My academic research is into a practice called sonic fiction. On occasion, I also write some myself too. Sonic fiction is a type of music writing that seeks to flatten the relationship between music as something of sensation and experience and something that can be a source of intellectual exploration. It was borne out of the practice of theory-fiction, which was itself developed from a collision of speculative science fiction and the strange theories of knowledge found in postmodern French philosophy1. Theory-fiction is a way of flattening the relationship between the kind of thinking that takes place when one tries to use a contrived structure to explain something in reality (we could call this theory) and when one tries to use a contrived structure to explore something in reality (we could call this fiction). I have previously written in more detail about the practice and some of its more disturbing implications but, suffice to say, this methodology and its practitioners are not the panacea to all the questions of knowledge production we find ourselves still wrestling with today. That said, and this is a discussion for another time, what theory-fiction has contributed to this debate is difficult to ignore.
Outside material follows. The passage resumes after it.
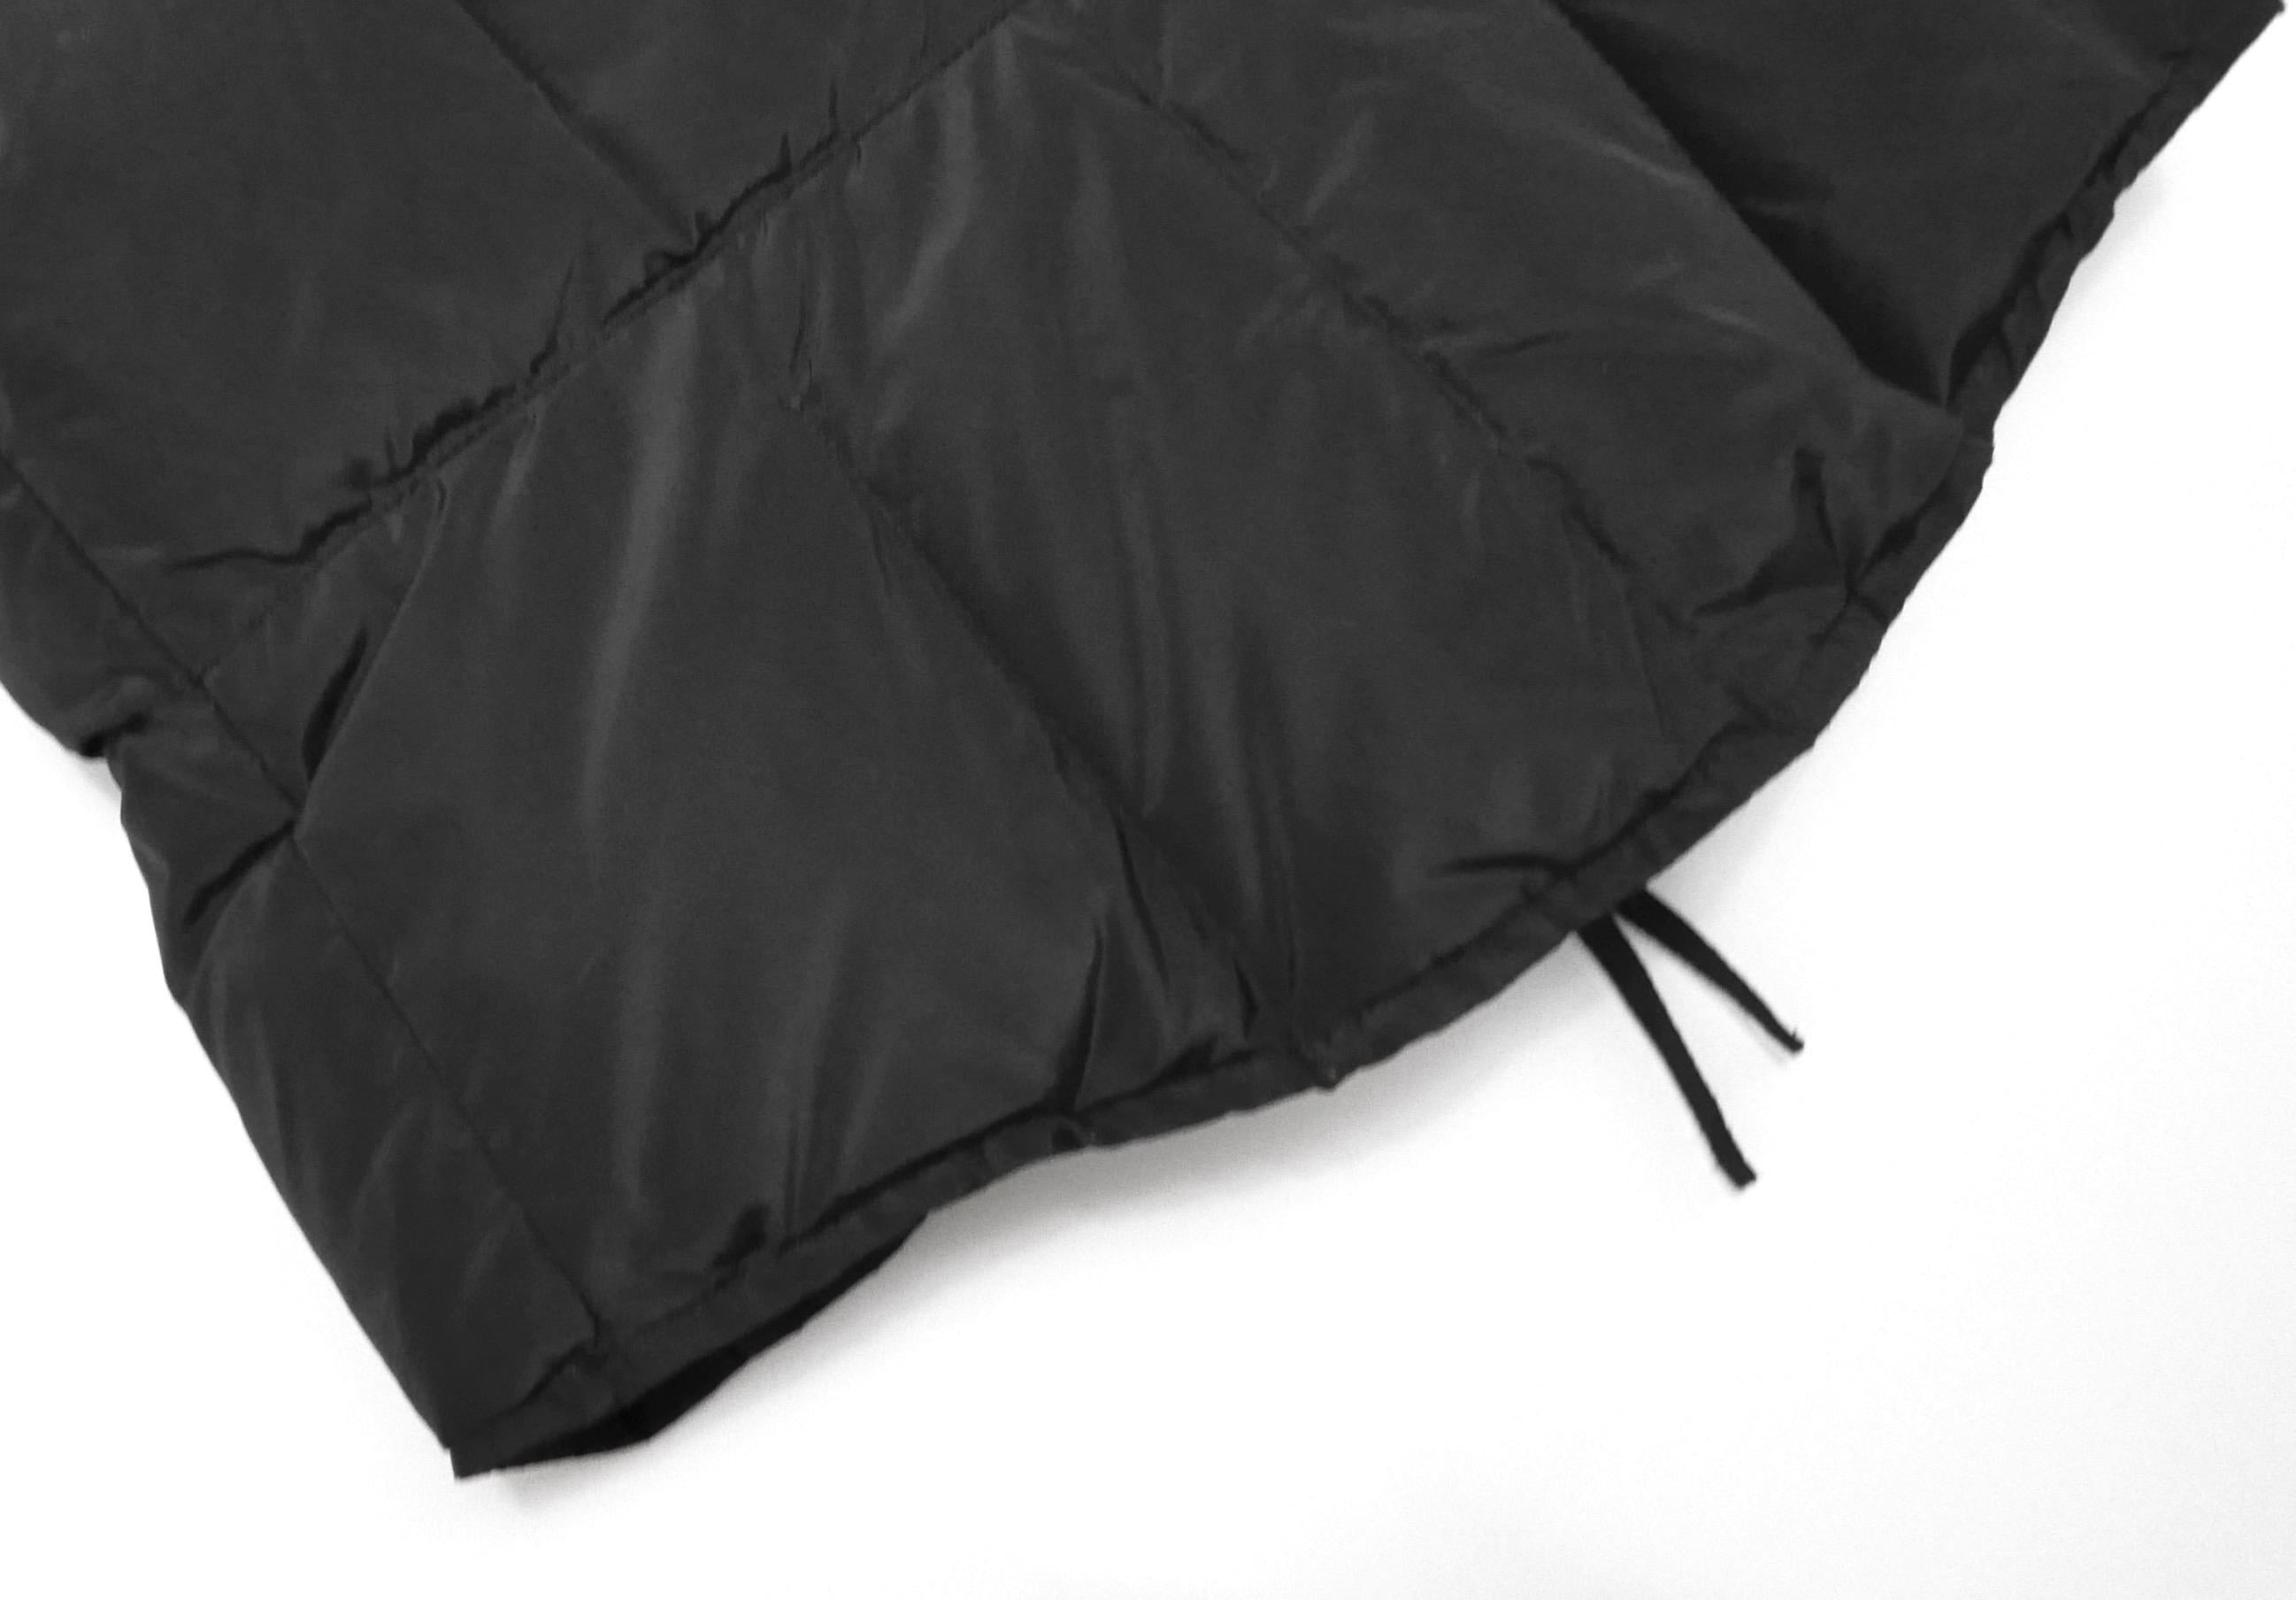 Yves Saint Laurent x Stefano Pilati 2009 Sleeveless Puffer Jacket  For Sale 2

Sonic fiction adds another dimension to this: the problem of music. The discussion of music through linguistic semiotics (writing or talking about it) has long been hampered by music’s particular material and temporal character; to hear it is to instantly only remember hearing it, to pause a moment is to transform it into repetition. Music can only exist in relation to change, performing it or performing its absence. This becomes more complex still as music is inherently social in its definition. This is not to say that all music has an explicitly social function rather, that the concept of music can only exist with reference to social forms of life. The ratios of musical harmony may be underpinned by some universal law but this is the universal significance of vibration. While not unrelated to music, music is a concept that gains its significance from society. To this end, Theodor Adorno writes in Aesthetic Theory that “Music betrays all art”. What he means by this is that music operates by default at such a level of abstraction and without the need for direct representations that these abstractions themselves can be reified despite appearing resistant to such a fate. While most art, for Adorno, could only hope to attain the level of formal abstraction that music has from the outset, which could then be dialectically synthesised with the otherwise inexpressible truth content and thus become an emancipatory work of art, music, in its socialisation, has betrayed this goal.
This image of theory-as-headmaster is what more than anything theory-fiction and Eshun’s sonic fiction seeks to break down. This does not mean losing the rigorous commitment to theoretical analysis but rather dehierarchialising it. There is a danger in theory that it can be mistaken for something other than it is.

Long gone now are the kind of categories and the kind of categorical thinking, at least in progressive academic circles, that made Adorno’s view of music such a drag. A view—the insights of which into music’s social function and entanglement with capitalism—that is today so difficult to appreciate as it buries itself under ignorance of its topic and unacknowledged racism. After years of philosophical developments, the media’s saturation of culture and rapid technological change, Kodwo Eshun, the originator of the term sonic fiction, expressed are more complex version of Adorno’s frustration with a great deal more clarity and fun in his soon to be republished masterpiece, More Brilliant Than the Sun: Adventures in Sonic Fiction in 1998. For Eshun, rather than the artwork being a locus of potential social change, the artwork had long since dissolved into the social. Because, after Deleuze and Guattari, there was desire and the social and nothing else. Nowhere was this more apparent than the nexus point that is music. Here technology, mass culture, fine art, capital and (post-)human expression come together in such a way that illustrates the folly of allowing the labels of these things make us believe they were ever distinct.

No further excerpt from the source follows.